Did somebody say bowline?


----------



## TREETX (Oct 19, 2003)

MD - 

Remember that it is not a climbing test and that many certified arborists never actually work on trees.

A lot of city and utility guys get the simple cert so they can appear more credible when questioned by the public on specific policies or actions.

A lot of LA's get the cert. Same for those big tree care companies with hundreds of crews and sales guys that never actually have worked on a tree.

This is not a criticism of any group, just a reminder that MANY of the certified arbos out there have never climber a tree and probably rarely touch them. So being a Cert Arb is not restricted to tree workers.


----------



## City climber (Oct 19, 2003)

*favorite knot*

Thats Knot my job


----------



## John Paul Sanborn (Oct 19, 2003)

The climber certification has a knot section to it, along with the practical app of climbing in a tree.


----------



## Eagle1 (Oct 20, 2003)

"A few truly great knots will enhance your life".

I love that one. A classic line.


----------



## NebClimber (Oct 20, 2003)

So, what are the "essential" knots. Please list your top 3.


----------



## MasterBlaster (Oct 20, 2003)

1) Bowline
2) Timber hitch
3) Clove hitch


----------



## ProfessorPlum (Oct 20, 2003)

The newest ISA cert exam has some very basic questions that require a cursory understanding of the use of knots used by arborists, including the bowline, timber hitch, prussik, etc. At no point on the test are you asked to actually demonstrate how the knot is tied, only under what circumstances the knot is used.

If you don't know those knots already, though, I've never met an arborist who didn't look forward to a chance to show their prowess with a rope over a beer. Keep a length of rope around the house to practice; you'll lose 'em if your fingers don't get in the habit of tying. 

Good knots are pretty life changing, though, as was said. They not only make tree work a hell of a lot easier, they keep you from being that guy on the interstate dodging traffic to retrieve two mattresses and a shattered canoe. You know the guy.


----------



## Gord (Oct 20, 2003)

Good gravy, a timber hitch as the number two knot!! Whutfer? It's knot even a not, just a bunch of friction wraps. Very dependent on rope type/size/cleanliness/dryness...sorry but I hate the knot. Often touted as easy to undo...except of course when it's under a large block or log (which is often what it's used for) and you must perform about seven unwrappings until it's free.

My knots, not in order:

Bowline, running bowline, sheet bend, other bowline variations.

Clove hitch, half hitches, buntline hitch (all the same thing)
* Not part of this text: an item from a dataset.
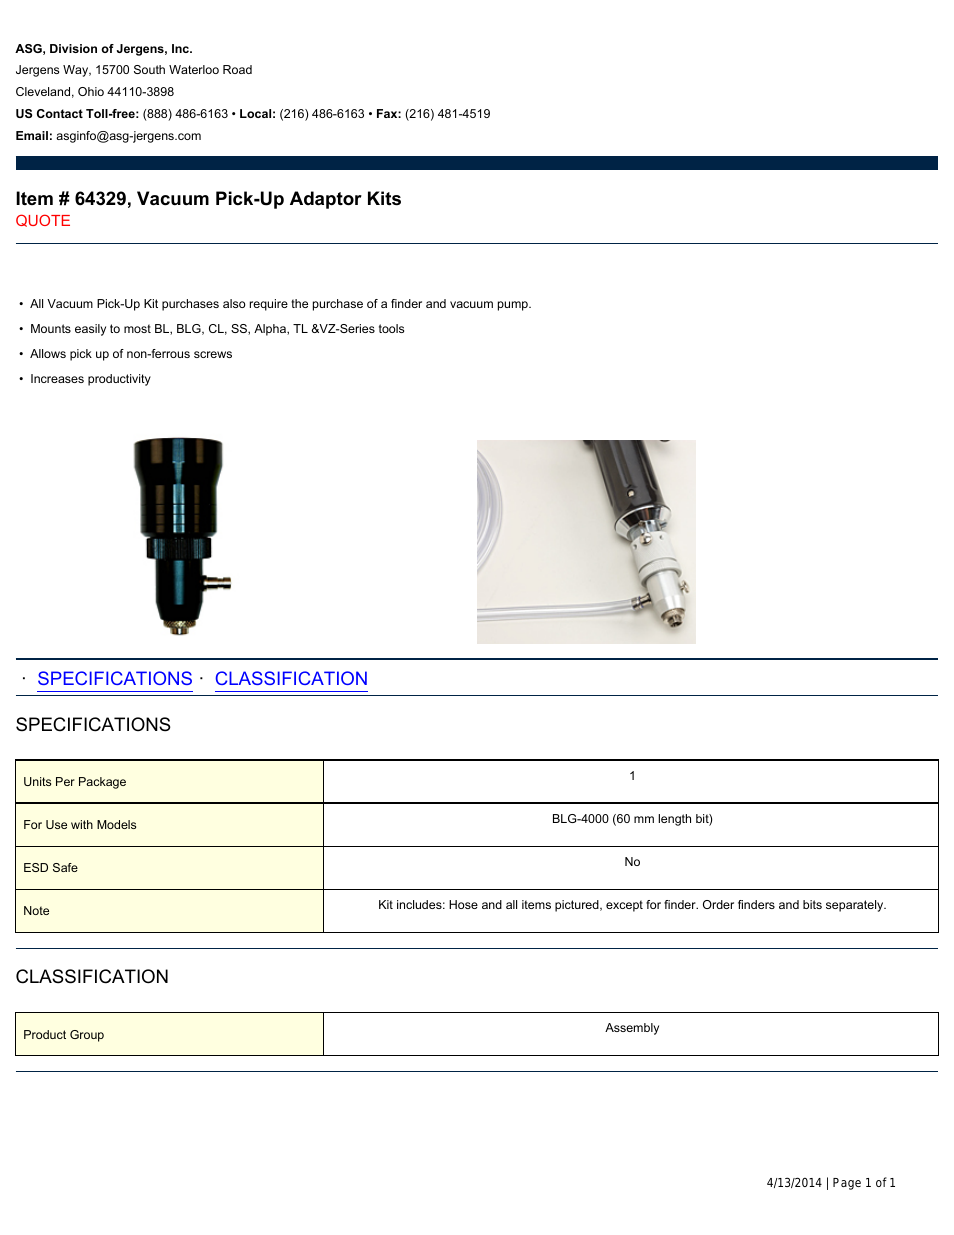 64329 Vacuum Pick-Up Adaptor Kits

Valdotain Tress and it's variations. (not just for climbing...excellent for a movable attatchment point midline for pulley systems or whatever.)

Distel, Schwabisch, Prussik (variations on the same theme. fancier brothers of the clove group.)

Anchor bend, running anchor bend.

Double Fishermans knot, Scaffold knot.

Figure Eight stopper.


----------



## Greg (Oct 20, 2003)

Gord, you trashed the good ole timber hitch, but what do you tie to hold a block? I agree the timber does have some draw backs but it has never failed me. I've been using a loopie a lot and like it much better than the timber hitch however. 

ISA exam --- does have knots that you need to know. You don't have to tie them just answer questions about them. I remember some really screwey question about the timber hitch in particular. I think the knots fall under the rigging section. 
Take all of the chapter tests in the book, know them, and you will do fine.
Greg


----------



## Stumper (Oct 20, 2003)

My top 3: Bowline, Alpine butterfly, and clovehitch. Three aren't enough though. I need that Timber hitch, a Scaffold knot, Distel, V.T., Carrick bend, cow hitch, improved tautline(open asymetrical prussik) round turn and two half hitches and several angling knots that don't carry over to rope.


----------



## TheTreeSpyder (Oct 20, 2003)

i would like to submit that a VT is a variation/family of round turn/french prusik. An anchor is roundturn sitting on it's own tail as a constritor is the cloves similar answer. i find the coils of a Blakes to place it in this family too. i see an double fishermans/barrel as anchor to self; like buntline to clove or lobster to girth/larks head?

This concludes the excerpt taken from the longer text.